*** Data segment

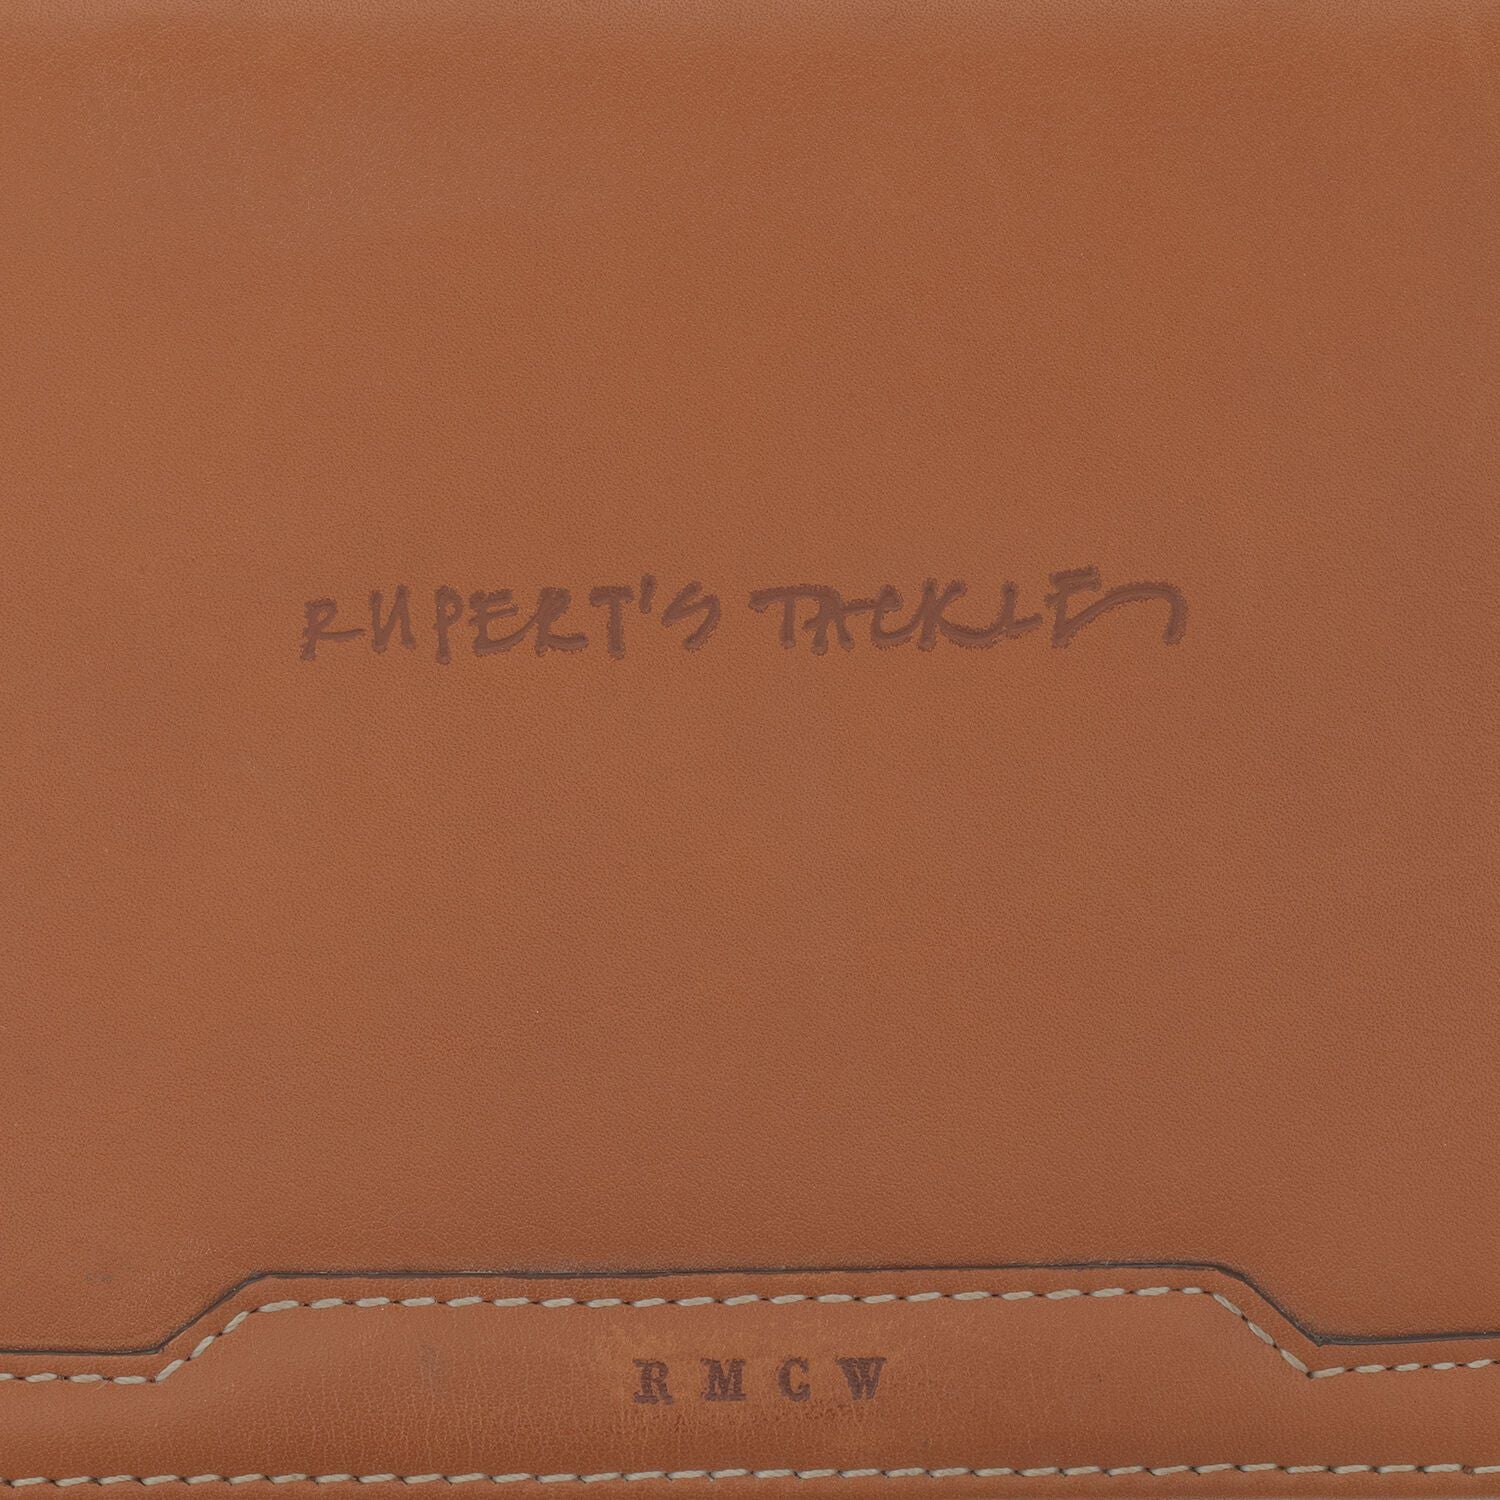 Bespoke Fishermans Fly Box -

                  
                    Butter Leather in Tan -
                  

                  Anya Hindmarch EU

******

Please give the data above again in exact form and omit every picture.

 Bespoke Fishermans Fly Box -

                  
                    Butter Leather in Tan -
                  

                  Anya Hindmarch EU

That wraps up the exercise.